Hello, I’m new to OpenMC, and I’ve got code running. I found this example of a He3 detector. I would like to compare this to experimental results from a neutron point source.
While the total neutron flux is important, the detector has some efficiency which may be unknown. My question is whether it’s possible to use openmc to compare directly to the experimental results? Perhaps with getting the reaction rate with He3 instead of just the neutron flux? Thank you!
Wow I’m getting help straight from the source! I’ve read through the PR, and I see the brief discussion on applying the pulse height tally to neutrons. They mention that ‘absorption’ tally should be sufficient for neutron detectors.
I do agree that pulse height would be very interesting, but since He3 detectors simply provide count and don’t give spectroscopic data, the absorption rate would give the same results as an experiment. Am I thinking about that the right way?

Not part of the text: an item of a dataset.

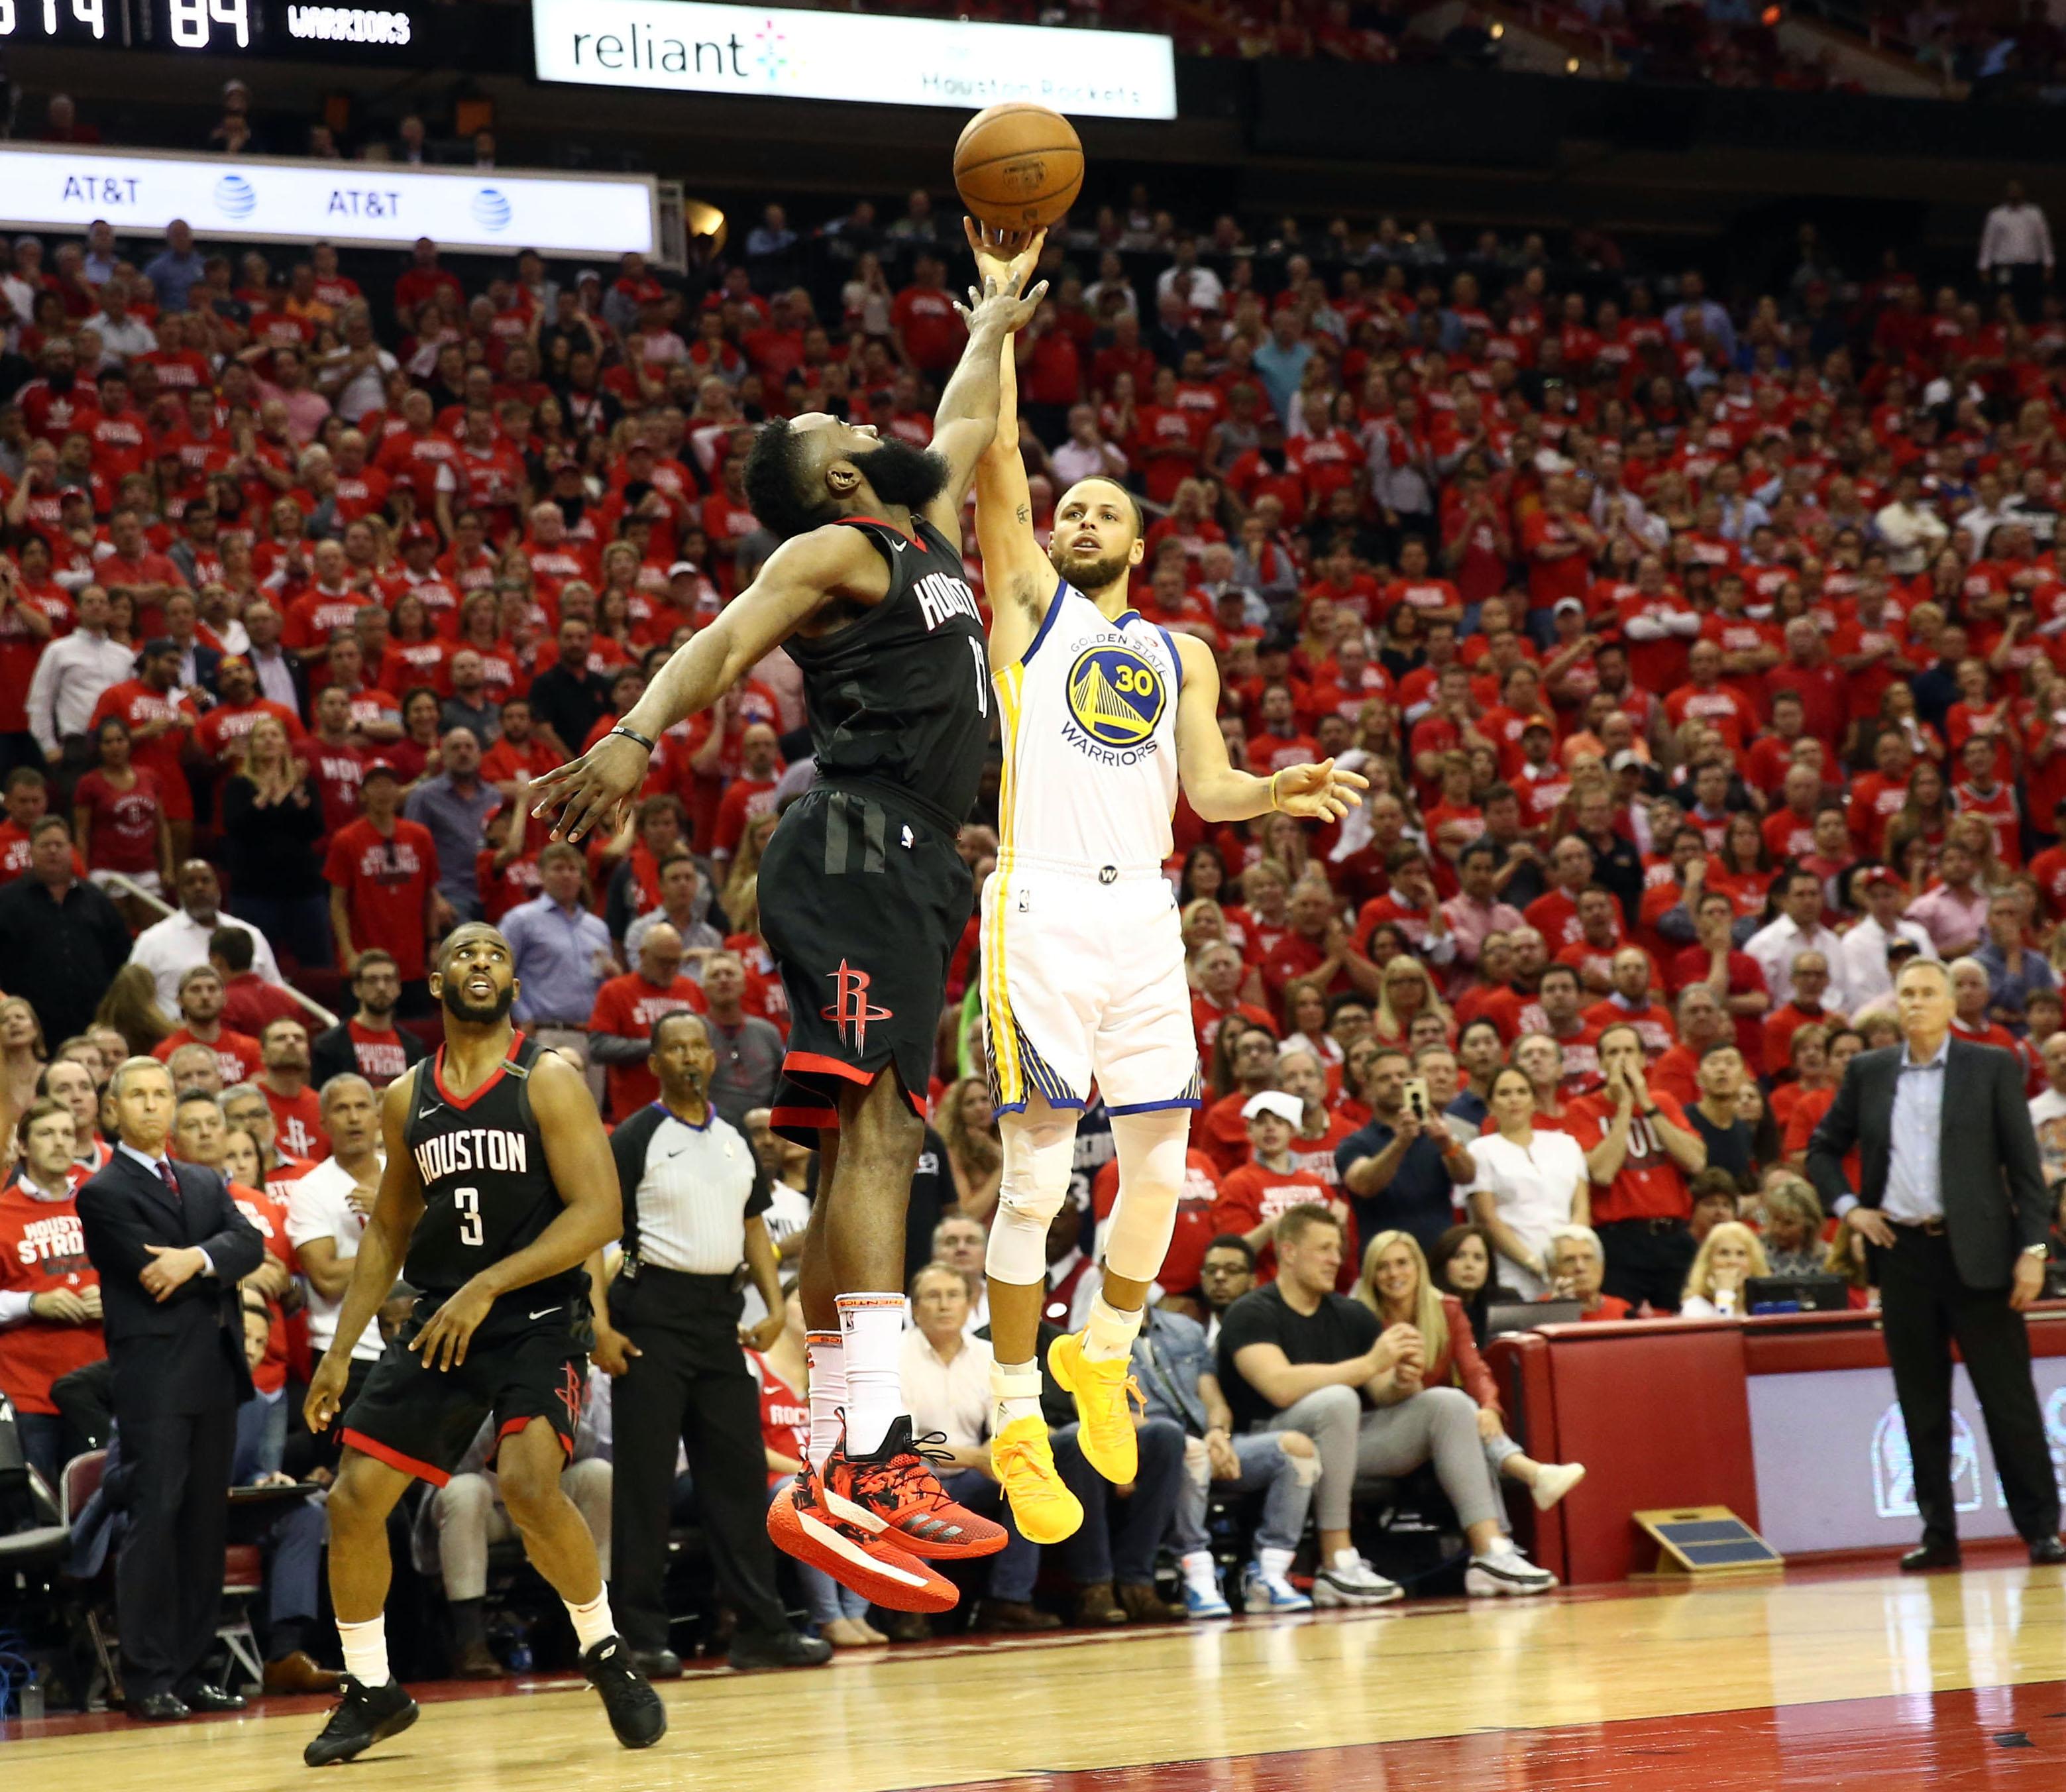 Rockets Vs Warriors May 24: The Dream Shake, A Houston Rockets Community

If I have understood correctly then I think a tally with an EnergyFilter would be the closest thing I know of in the code. I would still recommend that PR with pulse height tally but perhaps an EnergyFilter is part of the way there
Scripts 2, 3 and 4 show use of such a filter to get a spectrum.
And I want to use two sources in my simulation. I tried to add the 2nd source in this way, but it didn’t work. How can I add the 2nd source? multiplesource.py (791 Bytes)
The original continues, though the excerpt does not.